Genetic traits that confer greater resistance or more robust immune response to HIV are thought to explain why LTNP patients progress to the point of needing to take medication in order not to develop AIDS more slowly than most HIV-infected people. Some LTNP are infected with a weakened or inactive form of HIV, but it is now known that many LTNP patients carry a fully virulent form of the virus. Genetic traits that may affect progression include:
- Gene mutation. A mutation in the FUT2 gene affects the progression of HIV-1 infection. 20% of Europeans who have that mutation are called "non secretor" because of their absence of a certain type of antigen that provide also a strong resistance against norovirus
- Mitochondrial DNA. Different mitochondrial DNA haplotypes in humans may increase or a decrease rates of AIDS progression. Haplotypes associated with more loosely coupled mitochondrial respiration, with reduced ATP and ROS generation, have been associated with faster progression and vice versa.

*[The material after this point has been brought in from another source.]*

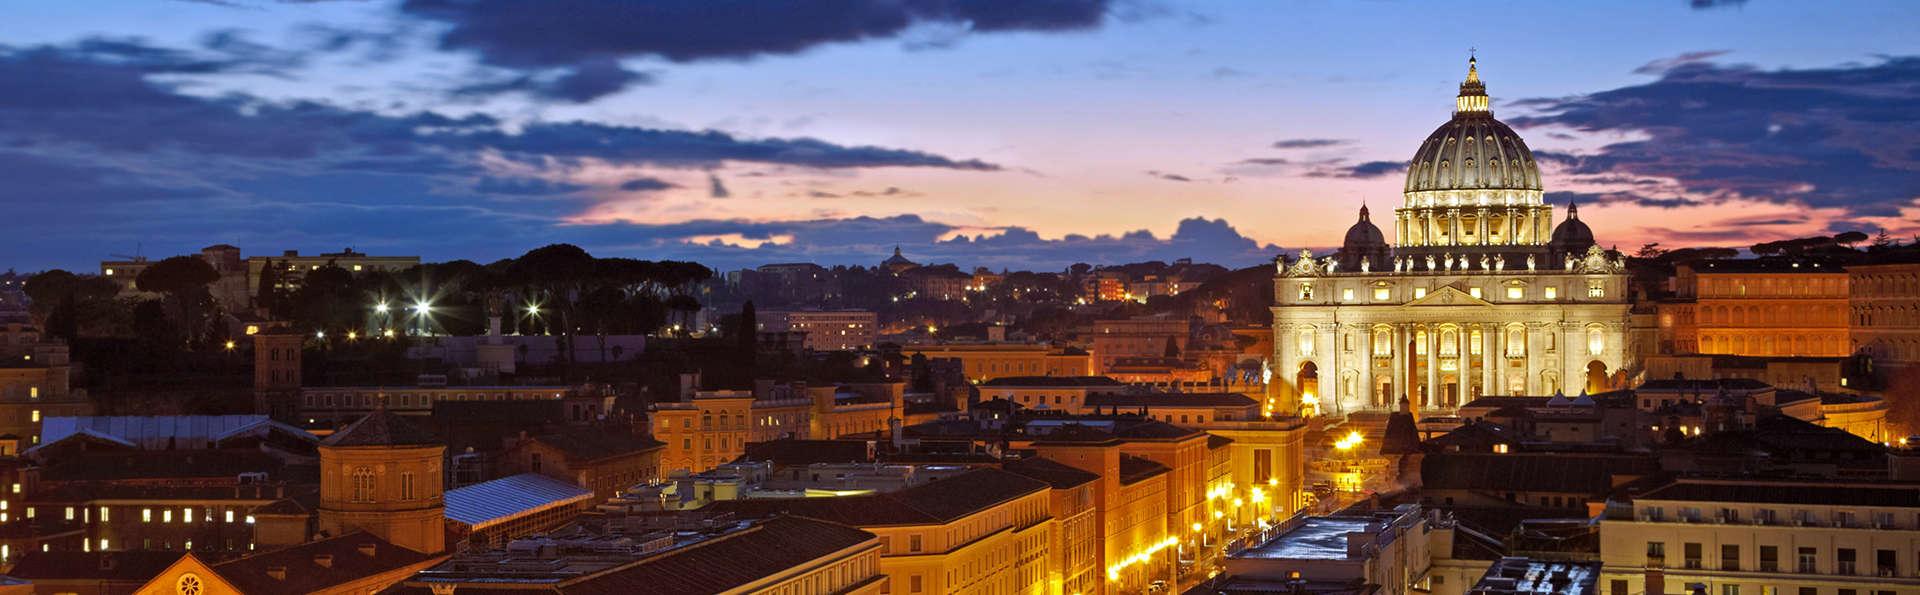 hotel il cantico 4 rome italie. Black Bedroom Furniture Sets. Home Design Ideas

- Receptor mutations. A low percentage of long-term nonprogressors have been shown to have inherited mutations of the CCR5 receptor of T cell lymphocytes. HIV uses CCR5 to enter these cells. It is believed that the Δ32 (delta 32) variant of CCR5 impairs HIV ability to infect cells and cause disease. An understanding of this mechanism led to the development of a class of HIV medicines, the entry inhibitors. The presence of this mutation, however, is not a unifying theme among LTNPs and is observed in an exceedingly small number of these patients.
- HLA type has also been correlated with long-term non-progressor cohorts. In particular, strong correlations have been found between possessing the class 1 HLA-B*5701, HLA-B*5703, and/or HLA-B*2705 alleles and ability to exert control over HIV.
- Antibody production. All individuals with HIV make antibodies against the virus. In most patients, broadly neutralizing antibodies do not emerge until approximately 2-4 years after the initial infection. At this point, the latent reservoir has already been established and the presence of broadly neutralizing antibodies is not enough to prevent disease progression. In some rare patients, these antibodies emerge earlier and can result in a delayed disease course. These patients, however, are not typically classified as LTNPs, but rather as slow progressors, who will eventually develop AIDS. Induction of broadly neutralizing antibodies in healthy individuals is a potential strategy for a preventive HIV vaccine, as is the elicitation of these antibodies through rationally designed immunogens. Direct production of these antibodies in somatic tissue through plasmid transfection also pose a viable method for making these antibodies available in a large number of humans.
- APOBEC3G protein production. In a small number of people infected with HIV, the virus is naturally suppressed without medical treatment. These people may carry high quantities of a protein called APOBEC3G that disrupts viral replication in cells. APOBEC3G, or "A3" for short, is a protein that sabotages reverse transcription, the process HIV relies on for its replication. This process involves the virus transcribing its singe-stranded RNA genome into double-stranded DNA that is incorporated into the cell's genome. A3 usually stops dormant viruses in the human genome, called endogenous retroviruses, from reawakening and causing infections.